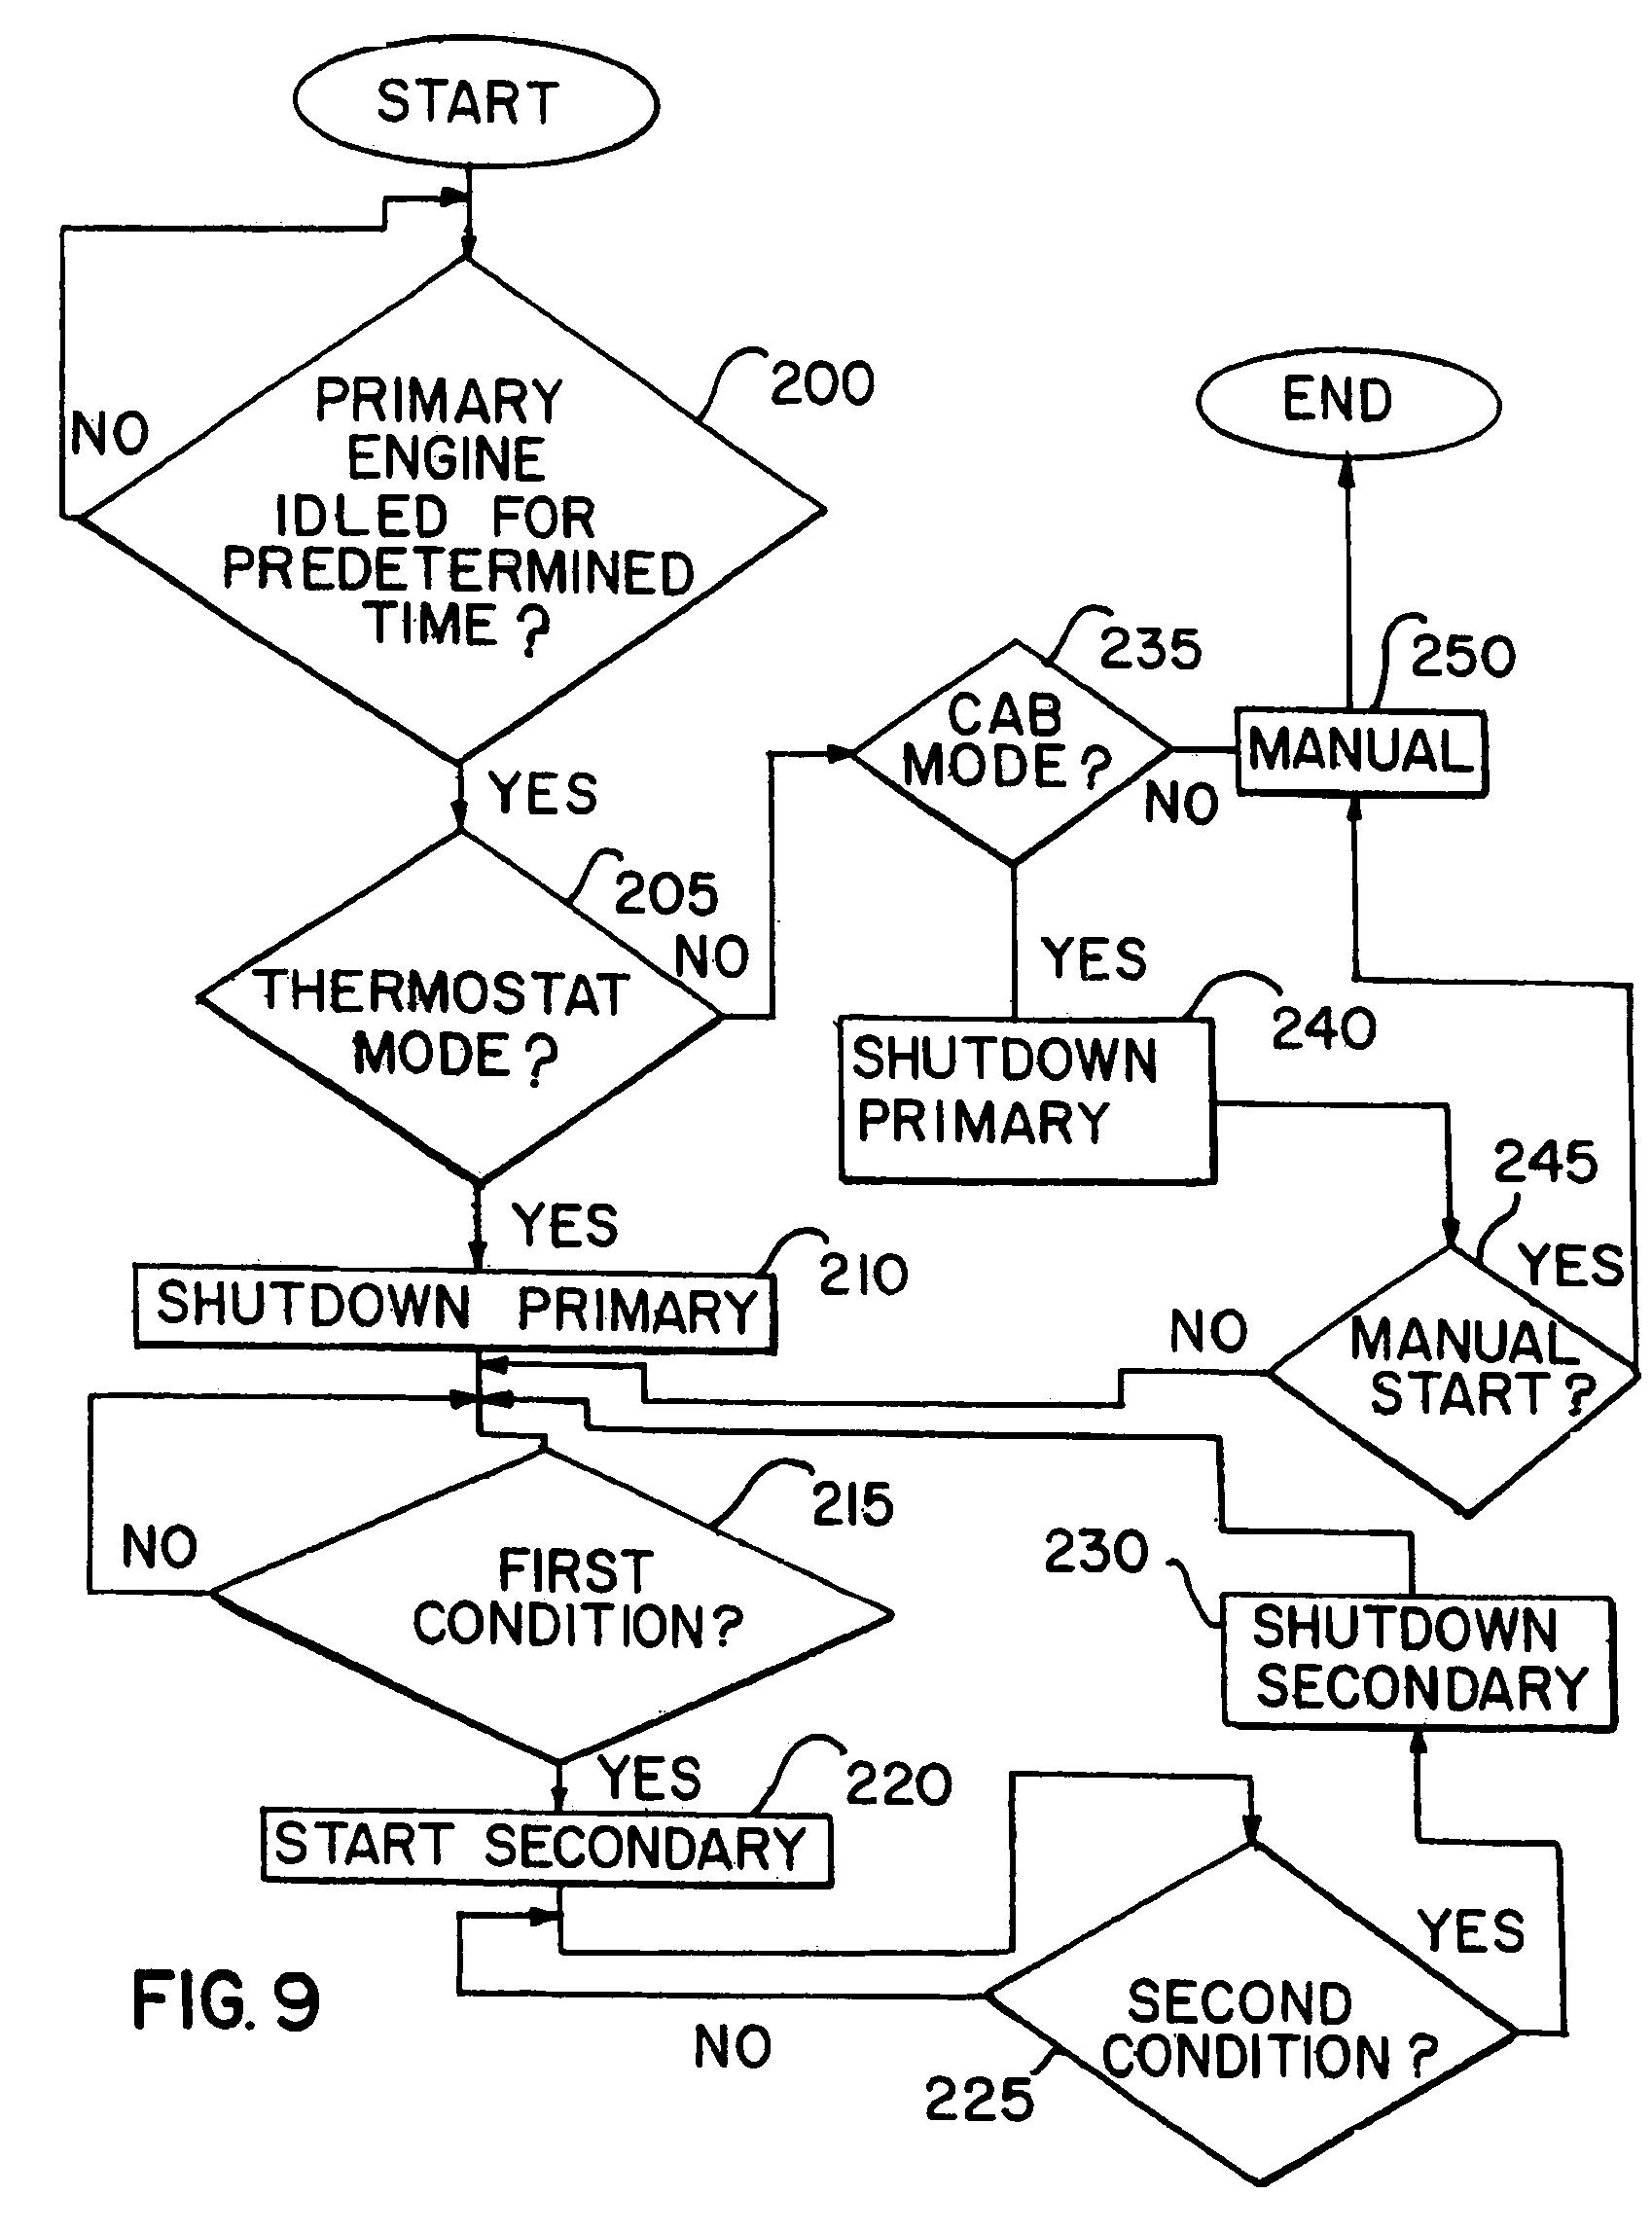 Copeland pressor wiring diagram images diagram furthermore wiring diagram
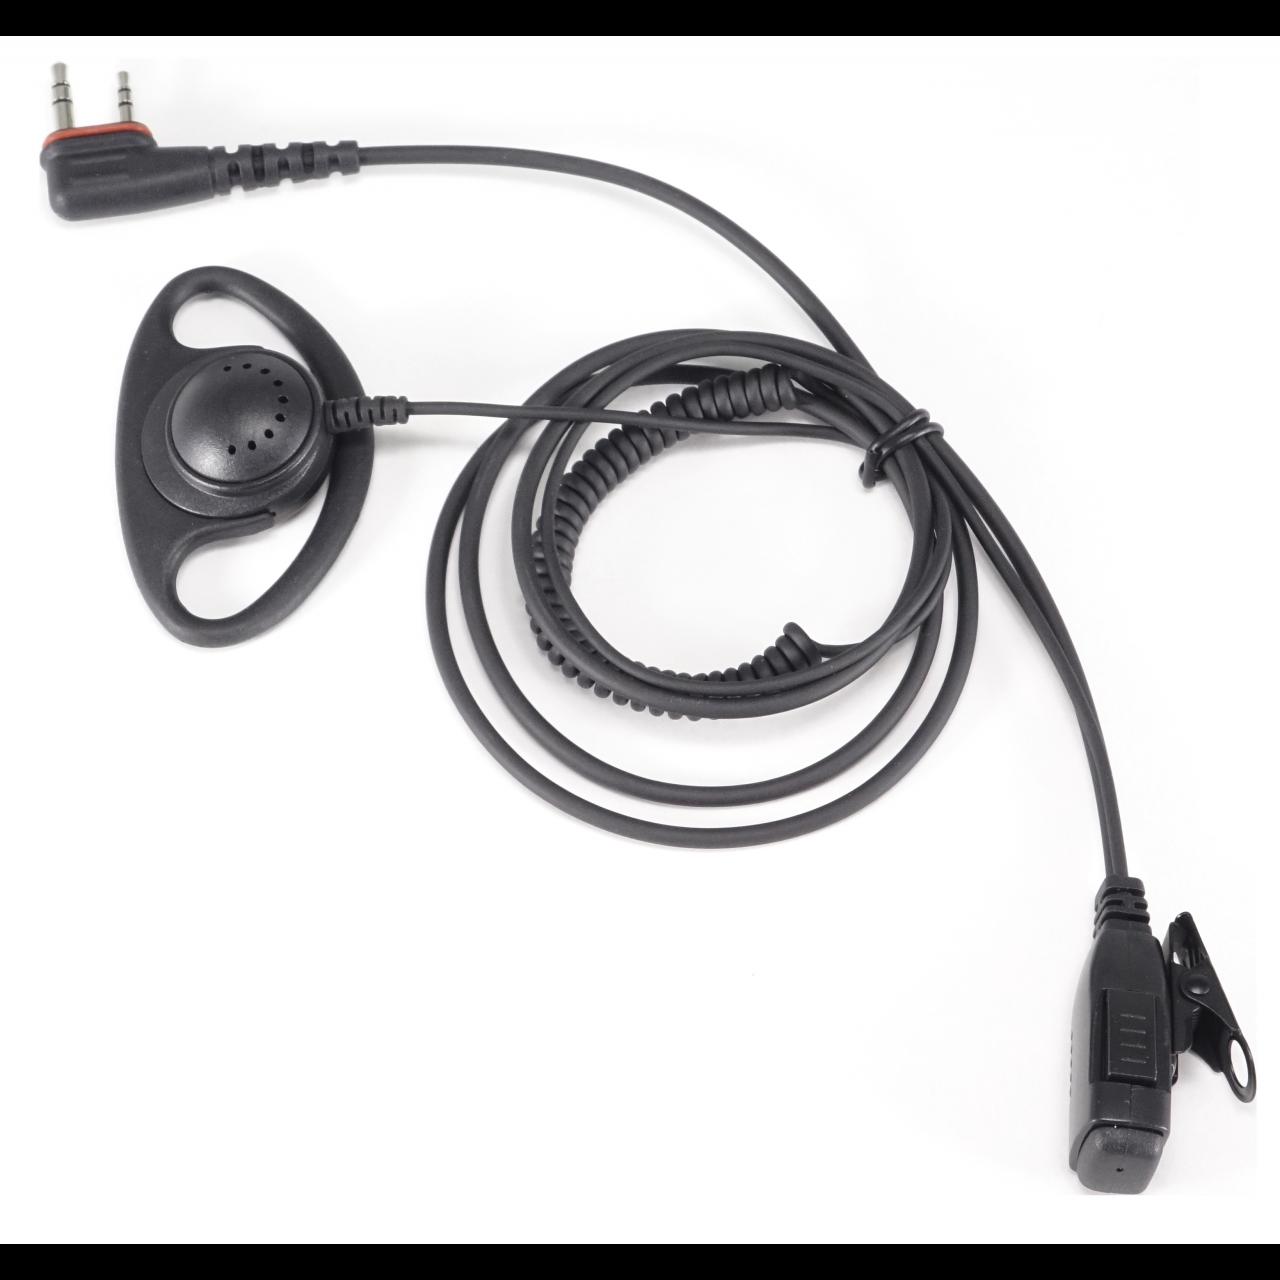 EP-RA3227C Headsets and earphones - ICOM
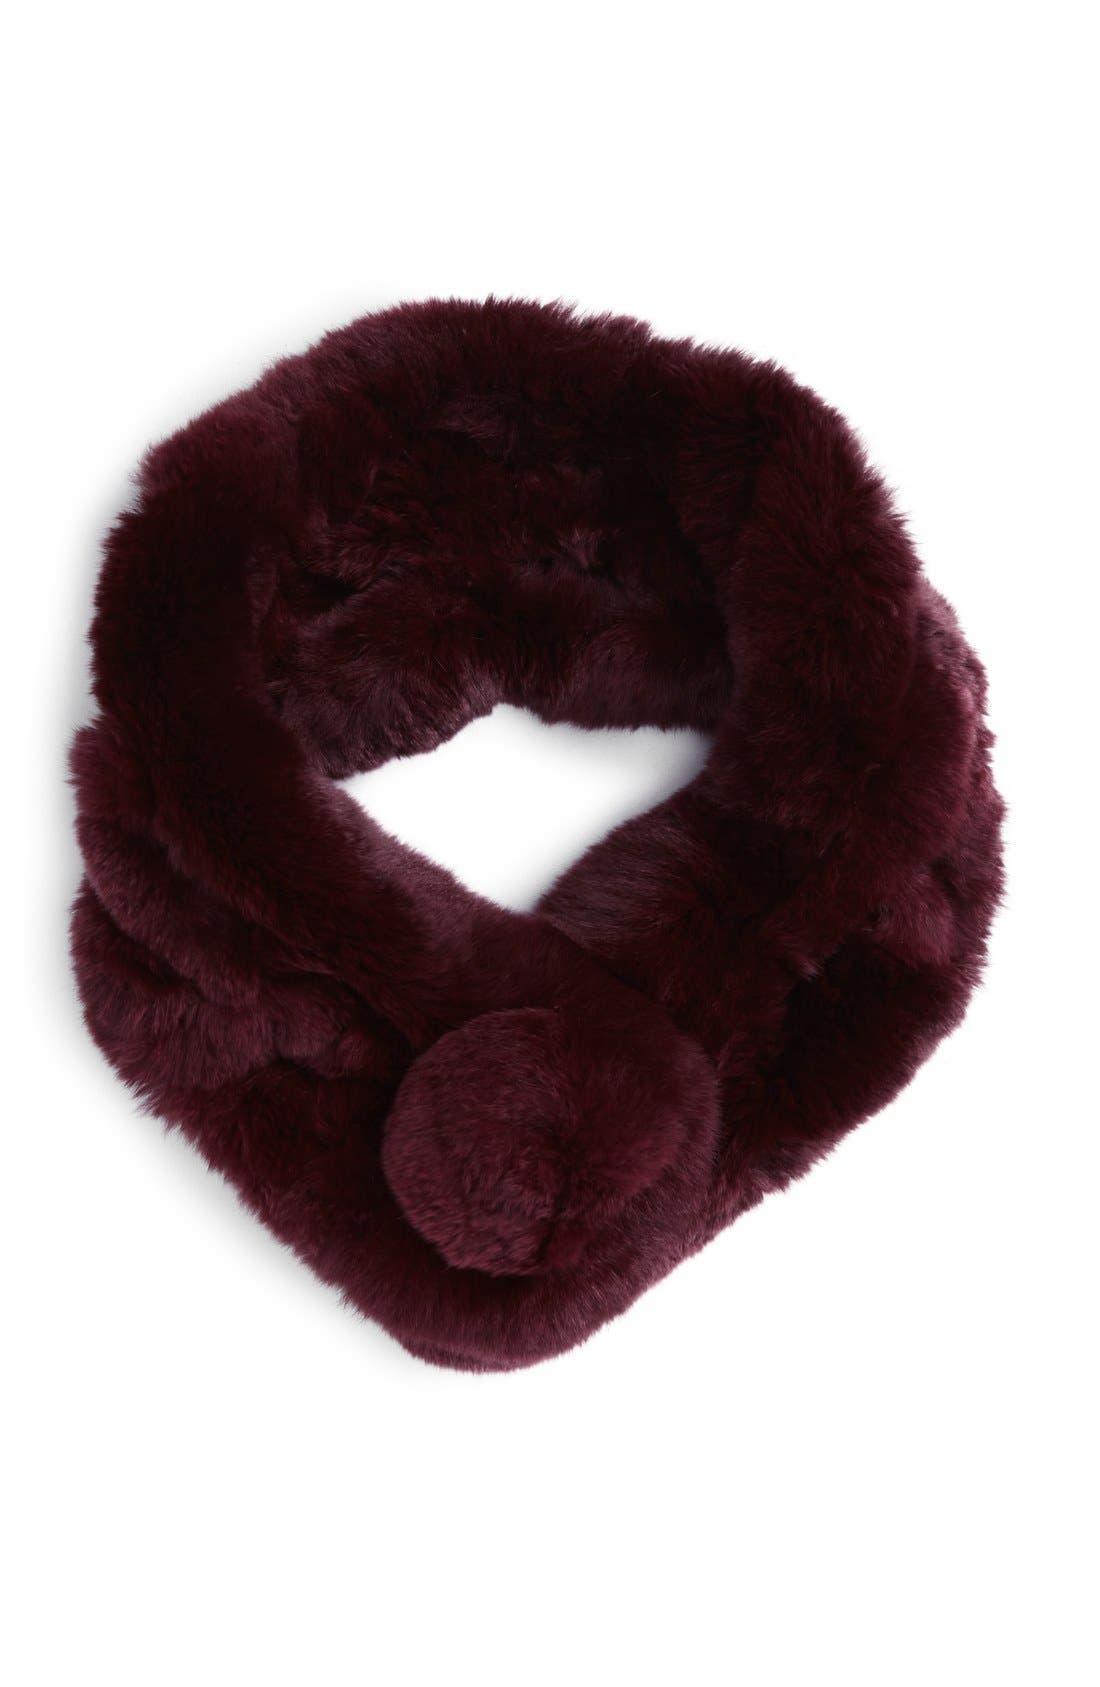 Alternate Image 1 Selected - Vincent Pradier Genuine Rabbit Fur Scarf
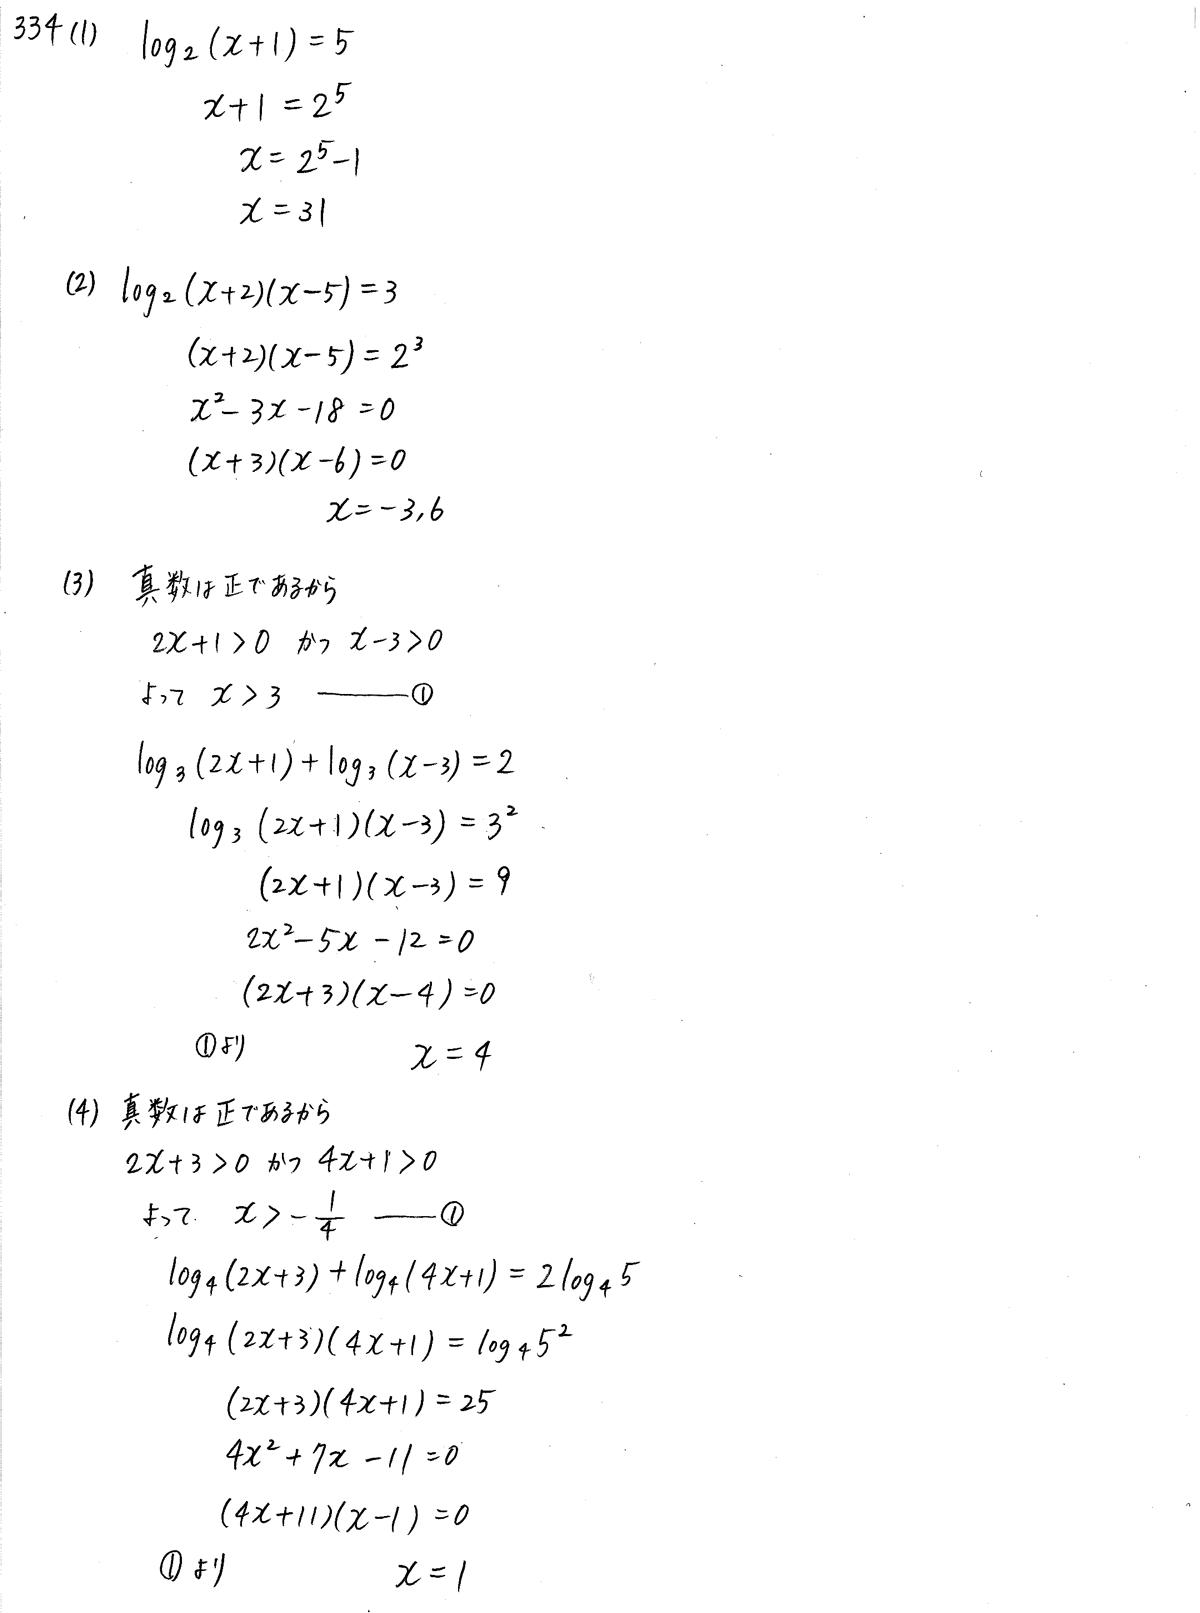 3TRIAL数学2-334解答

▸ Task prompt: Using the material above, restate word for word the lines from the line that has "Alternate Image 1" to the last line, inclusive, with pictures omitted.

▸ Answer section:
 Alternate Image 1 Selected - Vincent Pradier Genuine Rabbit Fur Scarf
 3TRIAL数学2-334解答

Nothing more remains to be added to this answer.